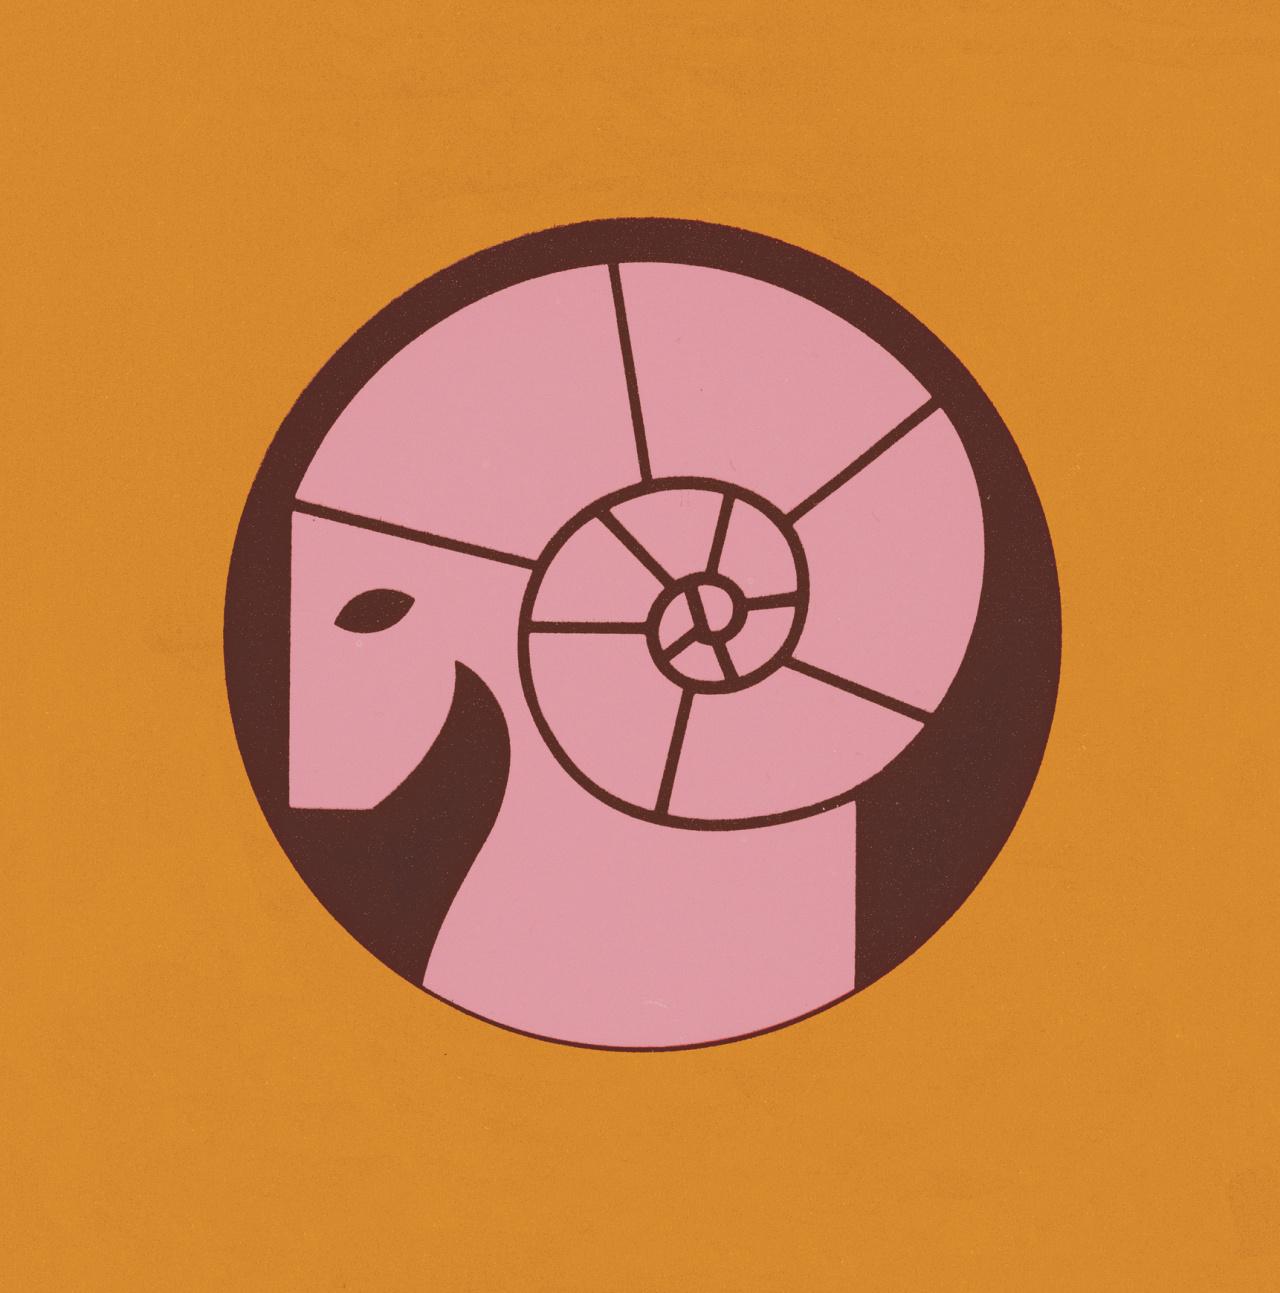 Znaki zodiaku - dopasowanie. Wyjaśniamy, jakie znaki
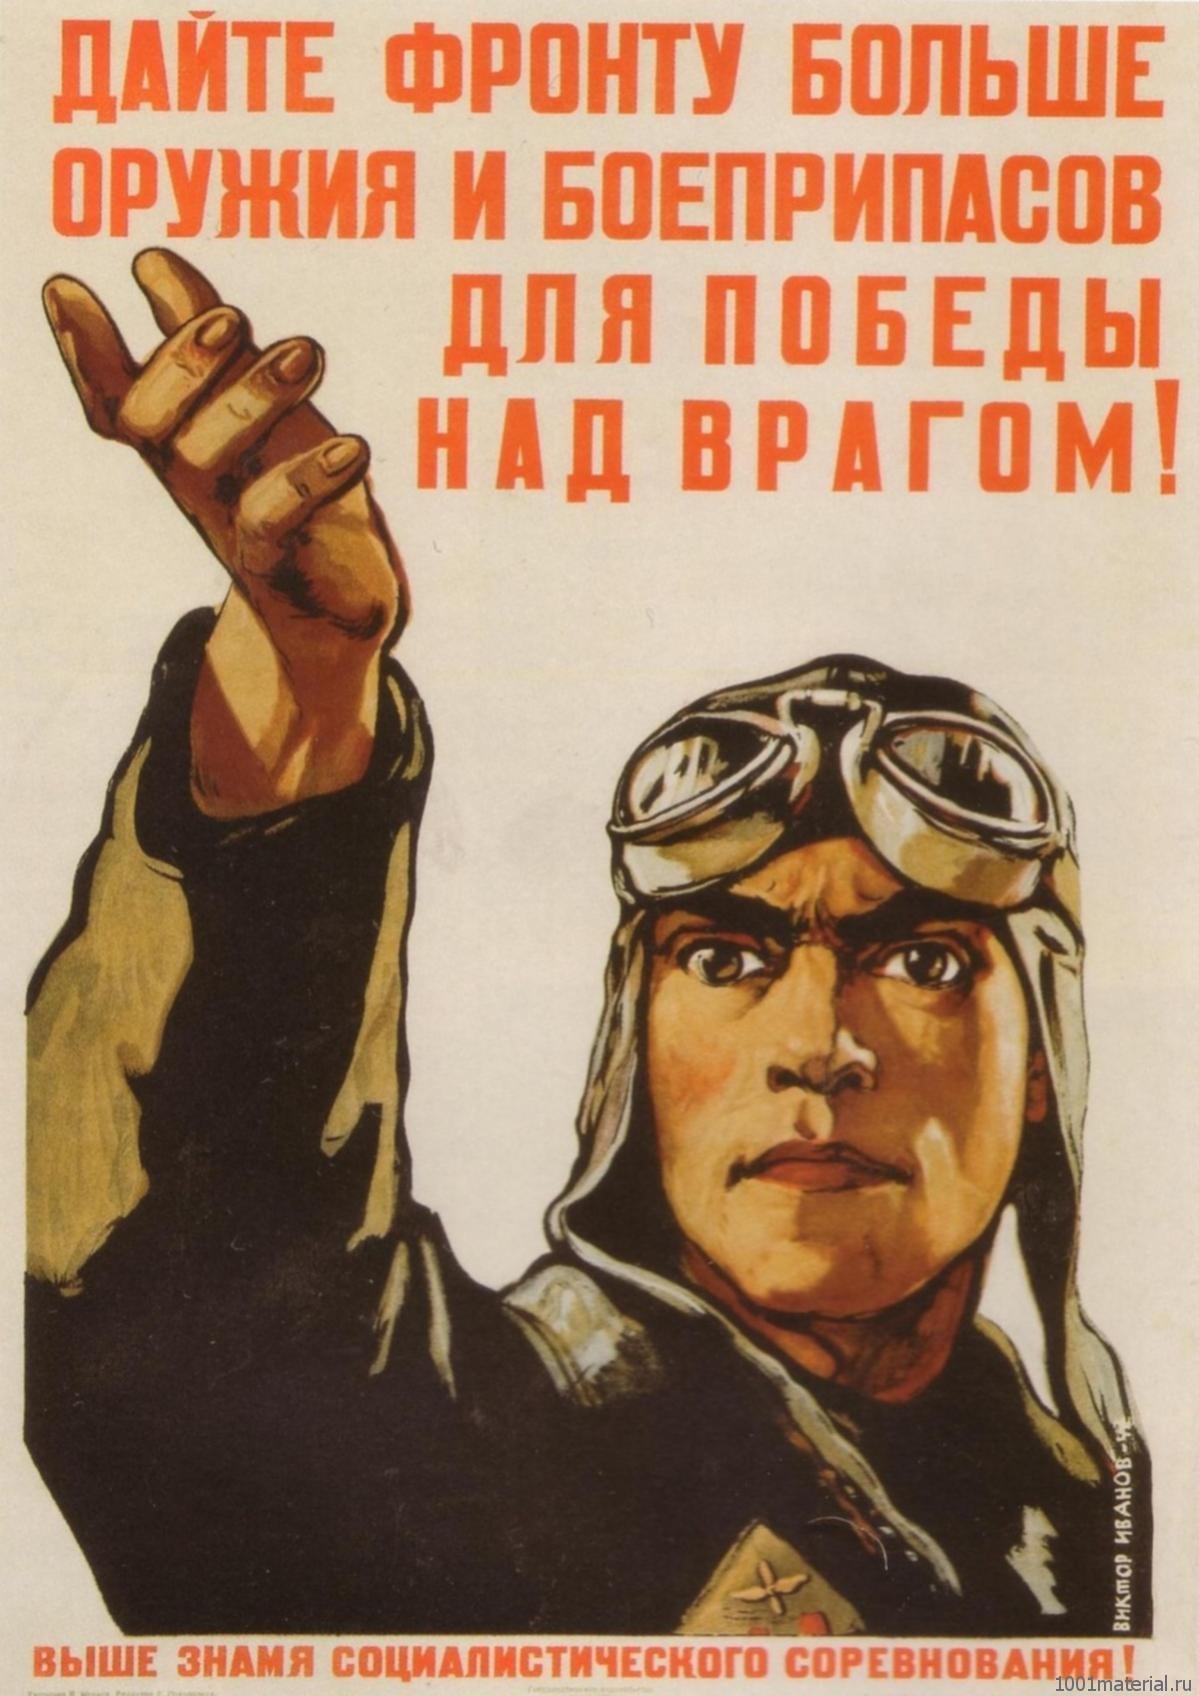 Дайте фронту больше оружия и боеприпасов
################
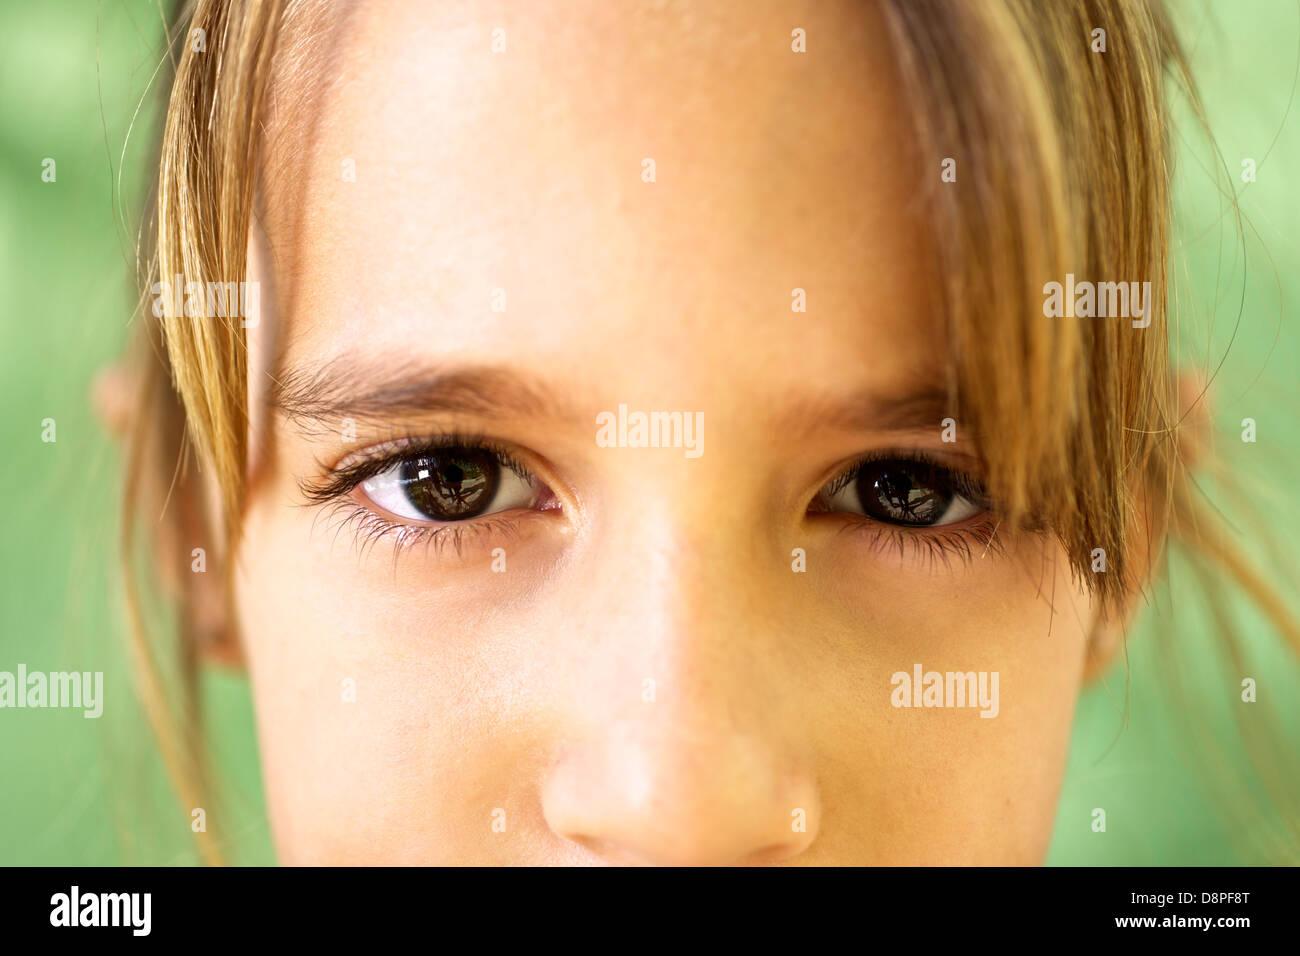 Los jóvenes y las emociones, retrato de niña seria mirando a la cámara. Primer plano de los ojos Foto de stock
################
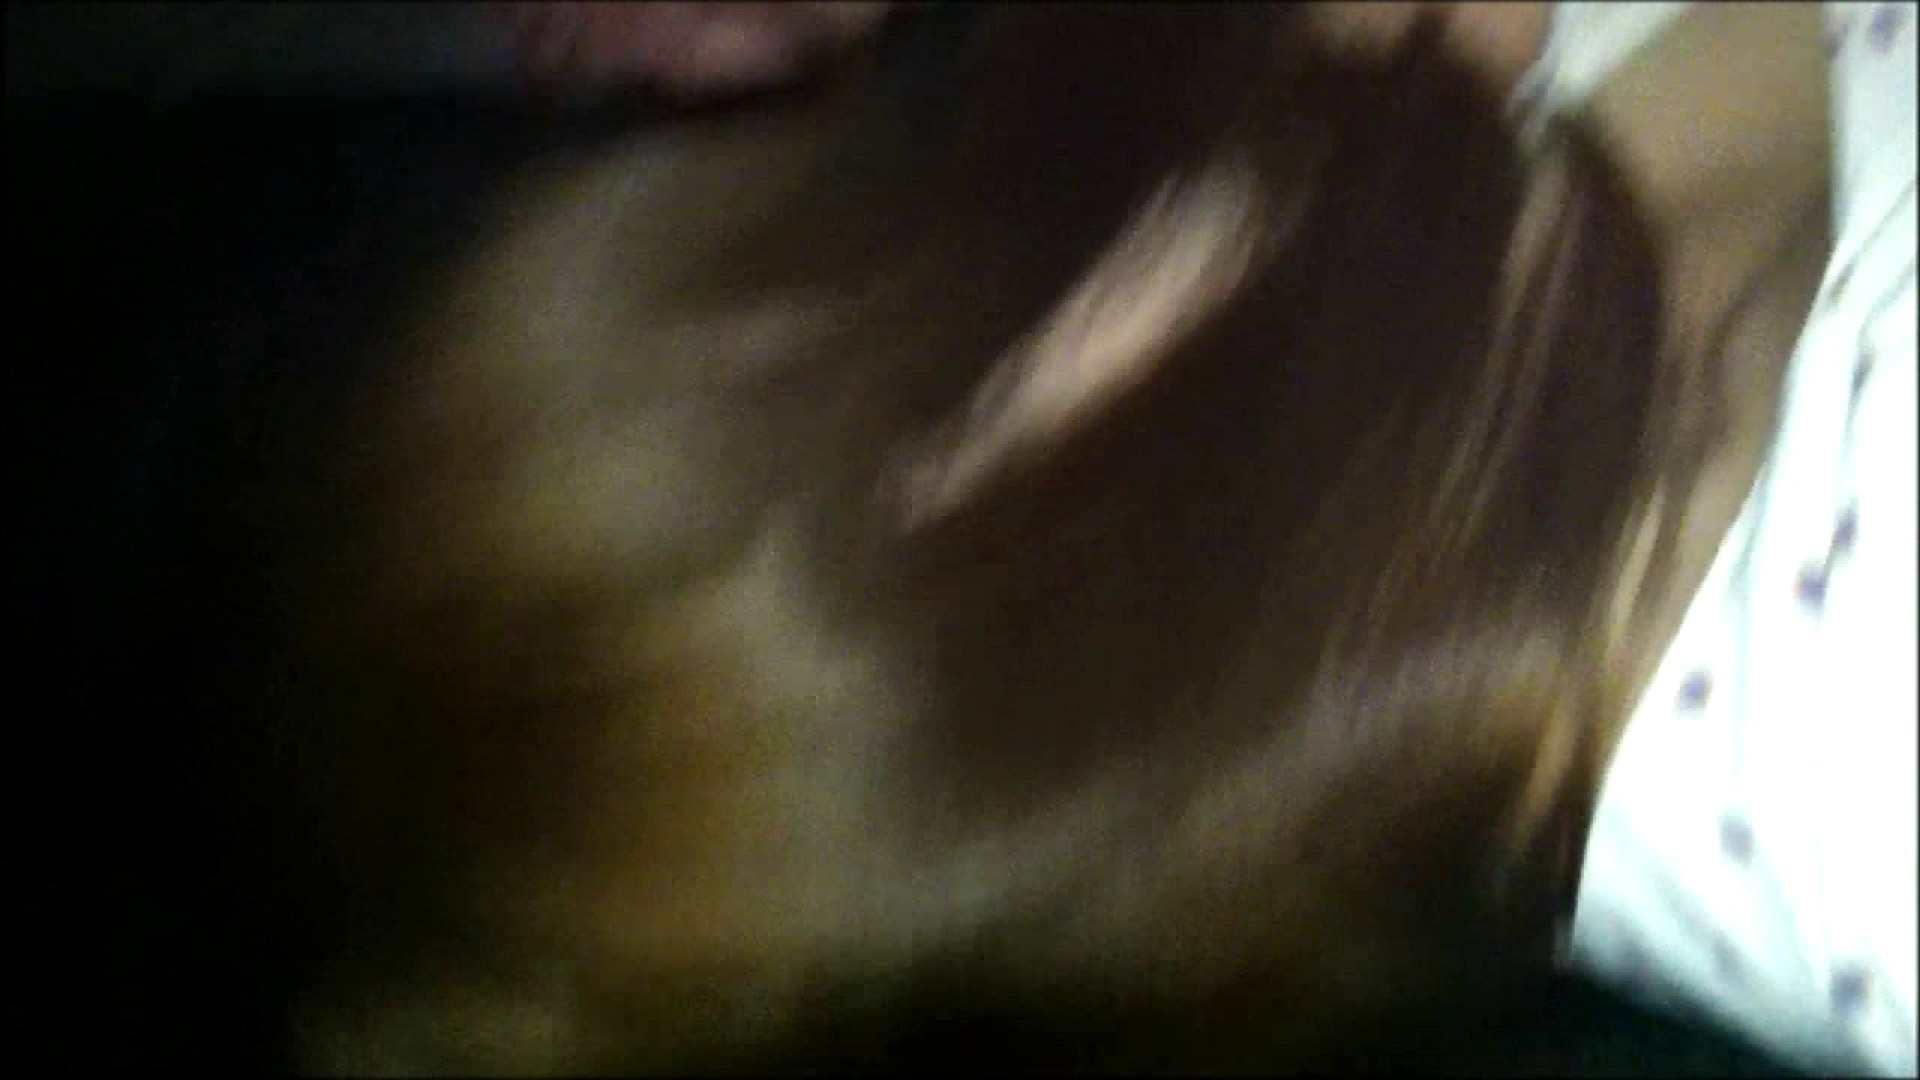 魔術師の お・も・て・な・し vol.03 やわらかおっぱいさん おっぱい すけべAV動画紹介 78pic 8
################
Work order.
Once the line with "Znaki zodiaku - dopasowanie." is found in the data above, reproduce it and each line after it exactly, through the line with "Дайте фронту больше оружия и боеприпасов". Omit the pictures.

Response below.
 Znaki zodiaku - dopasowanie. Wyjaśniamy, jakie znaki
 Дайте фронту больше оружия и боеприпасов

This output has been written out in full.